◆ DATA SEGMENT ◆
————————

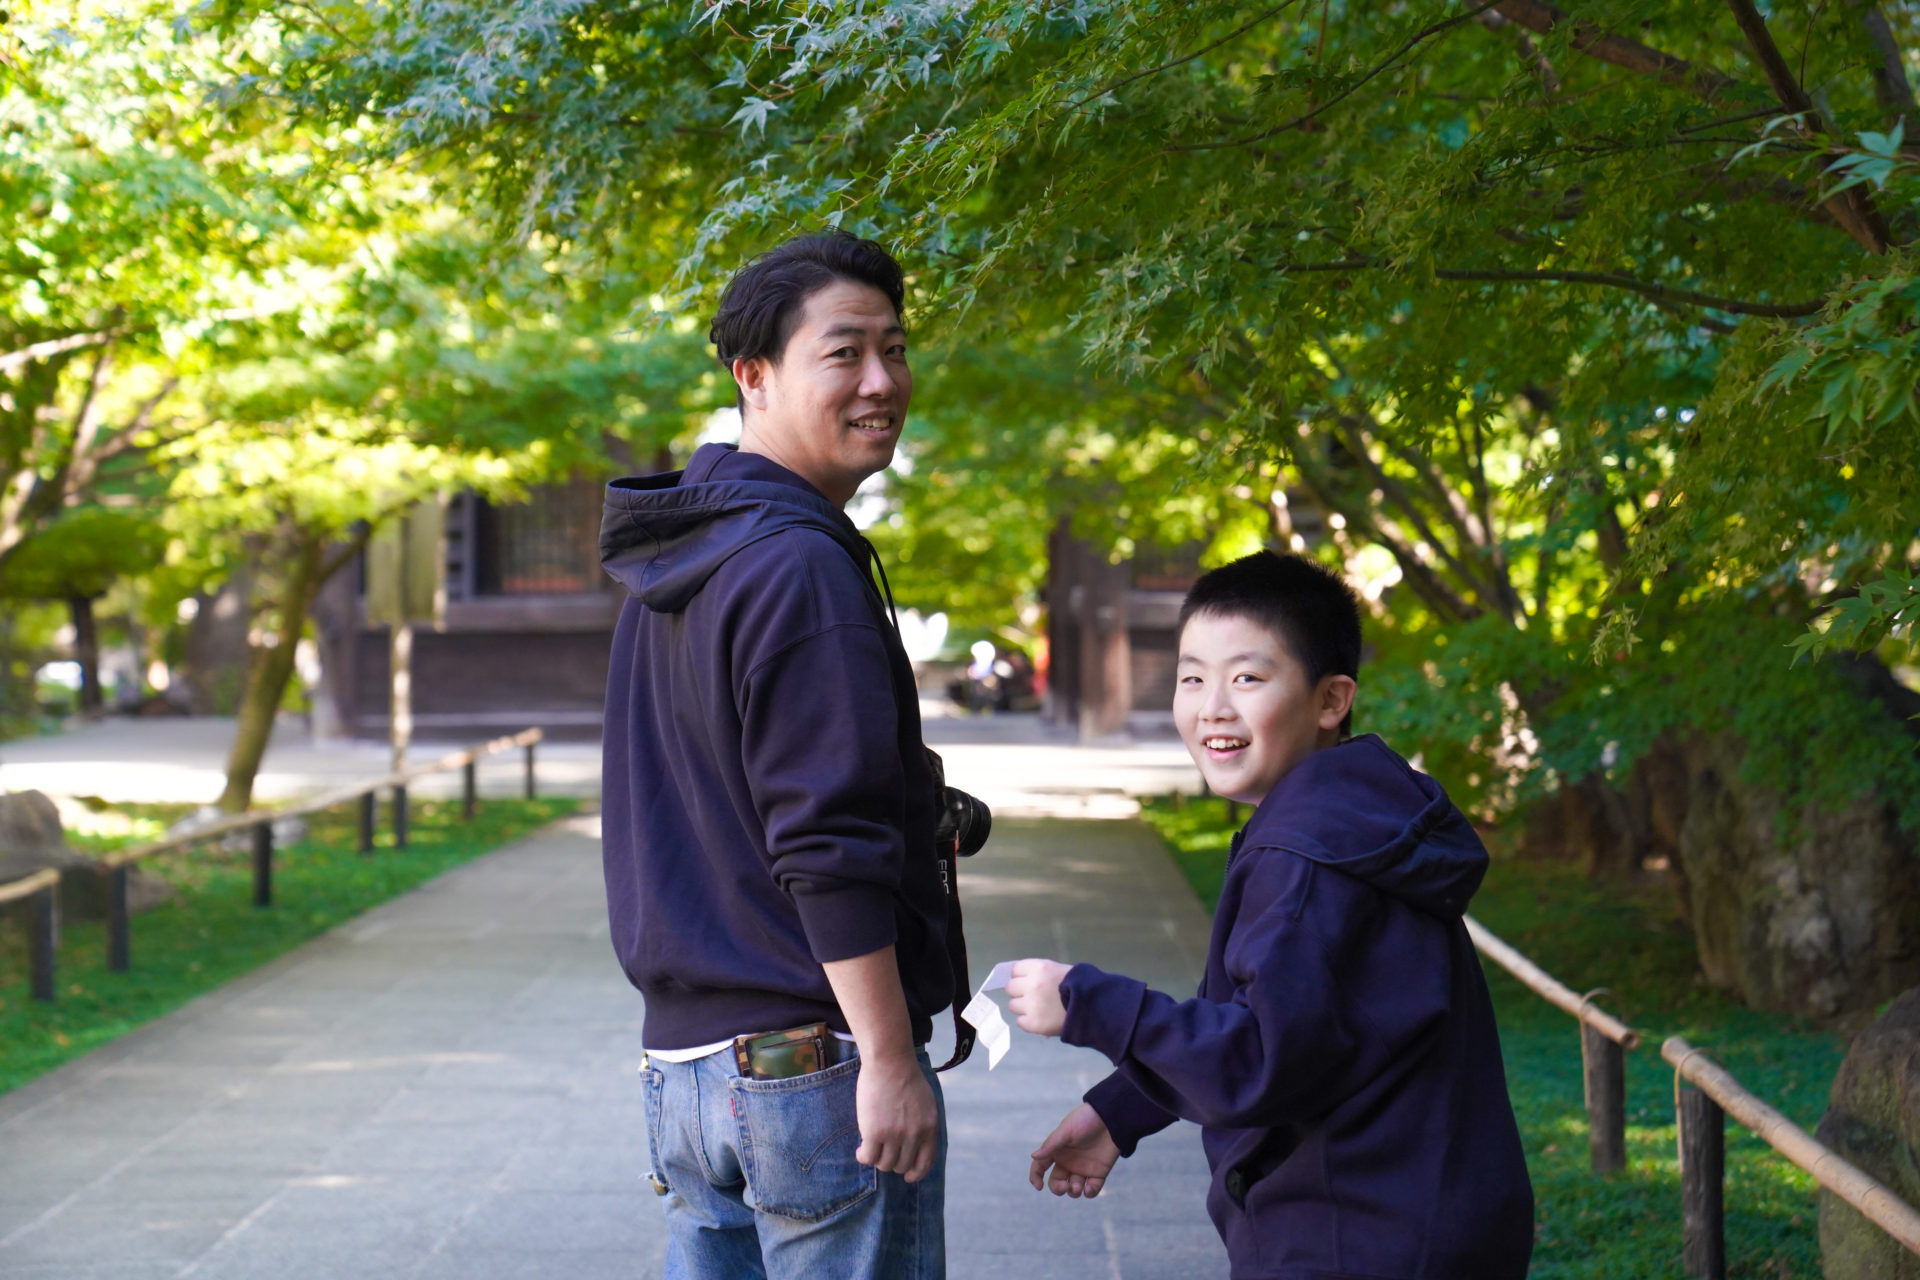 神社の境内を歩くペアルックのパパと男の子が、笑顔でこちらを振り返っています
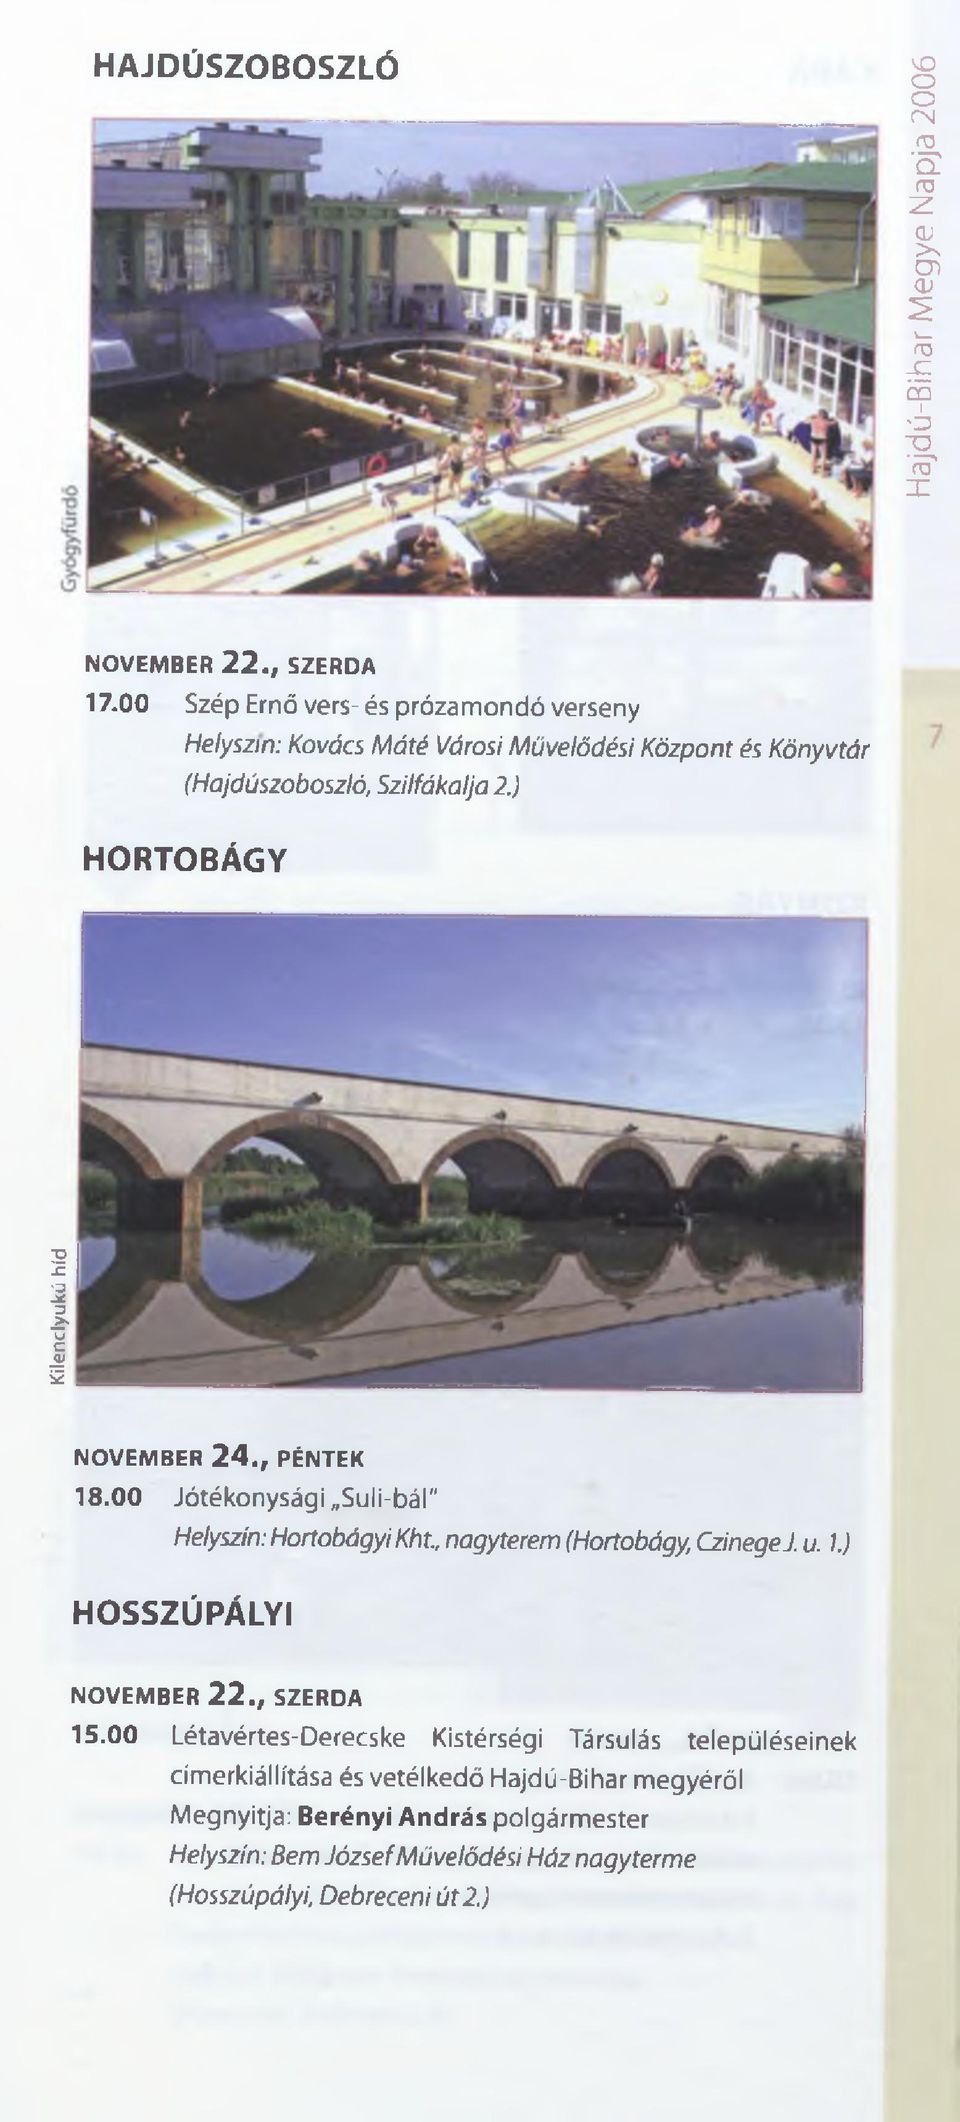 ) HORTOBÁGY Kilenclyukú híd NOVEMBER 2 4., PÉNTEK 18.00 Jótékonysági Suli-bál" Helyszín: Hortobágyi Kht., nagyterem (Hortobágy, CzinegeJ. u. 1.) HOSSZÚPÁLYI NOVEM BER 2 2.
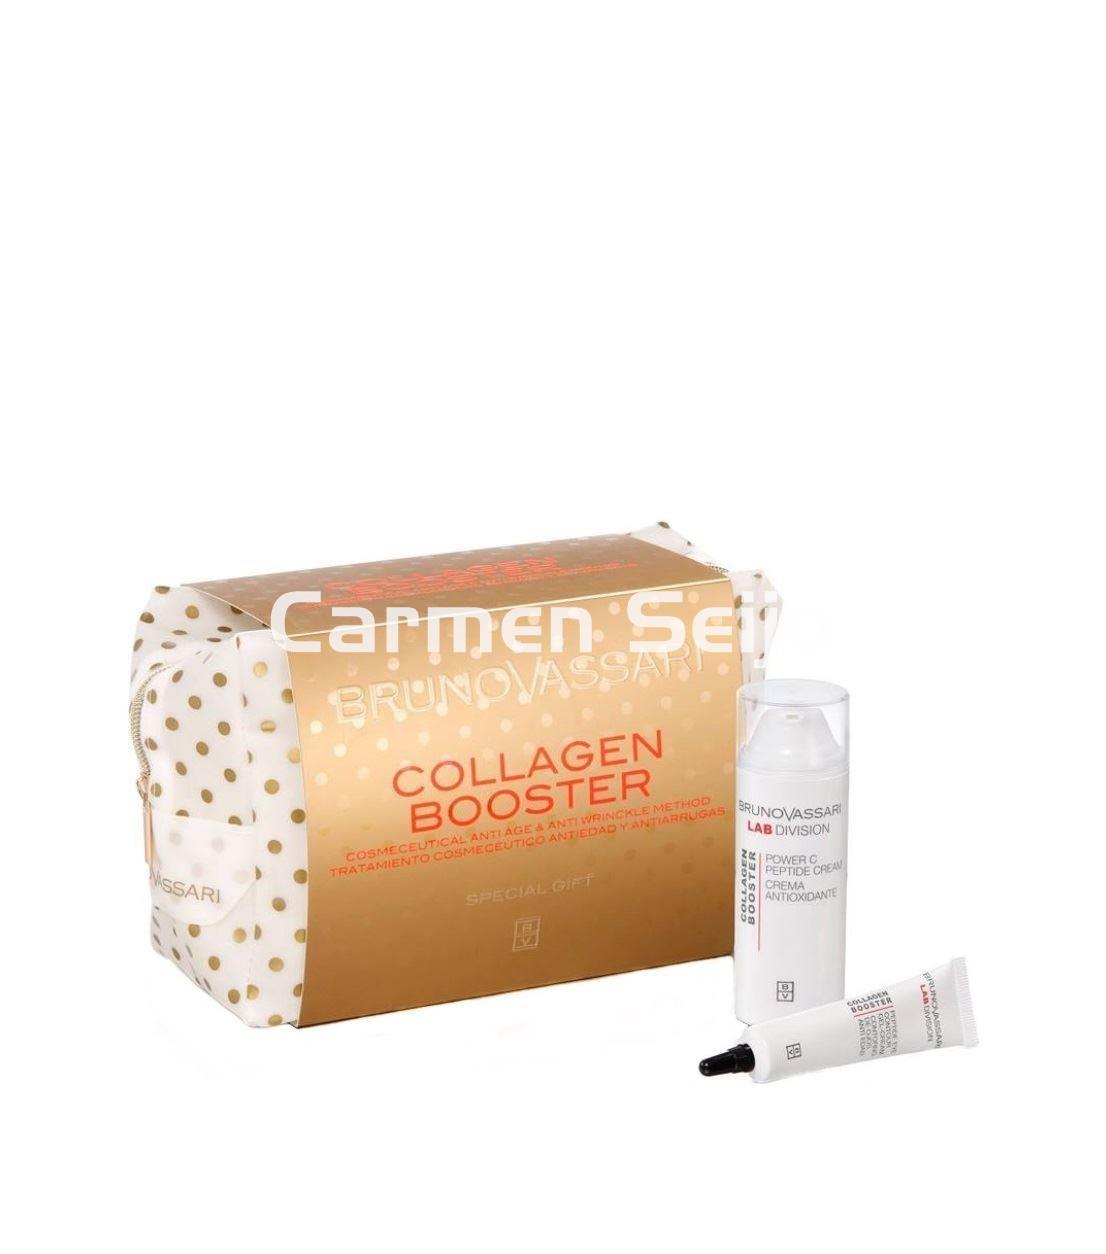 Bruno Vassari Pack Tratamiento Collagen Booster** - Imagen 1
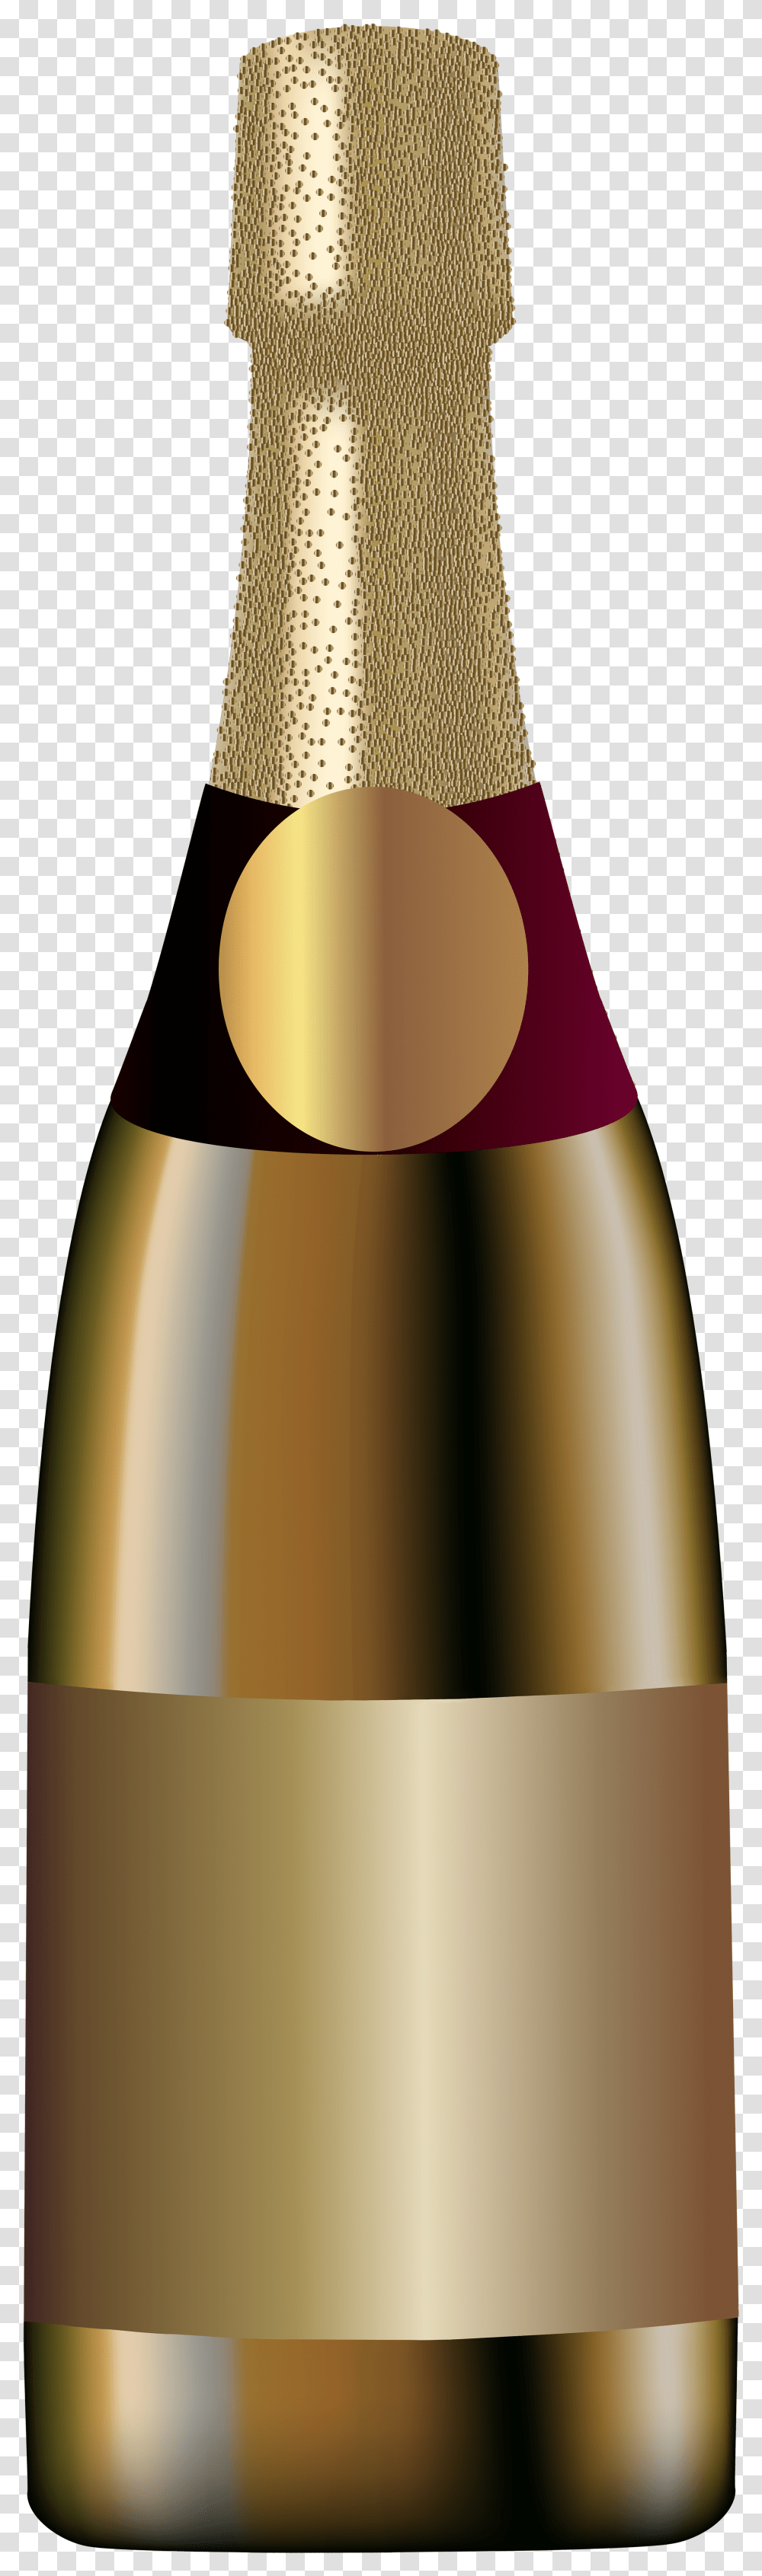 Elegant Champagne Bottle Clip Art Image Transparent Png

————————

◆ DESCRIPTION OF THE TASK ◆
From the first line of the listing above, repeat every line through the one holding "Bruno Vassari Pack". Both ends count, and pictures stay out.

◆ EXPECTED OUTPUT ◆
 神社の境内を歩くペアルックのパパと男の子が、笑顔でこちらを振り返っています
 ) HORTOBÁGY Kilenclyukú híd NOVEMBER 2 4., PÉNTEK 18.00 Jótékonysági Suli-bál" Helyszín: Hortobágyi Kht., nagyterem (Hortobágy, CzinegeJ. u. 1.) HOSSZÚPÁLYI NOVEM BER 2 2.
 Bruno Vassari Pack Tratamiento Collagen Booster** - Imagen 1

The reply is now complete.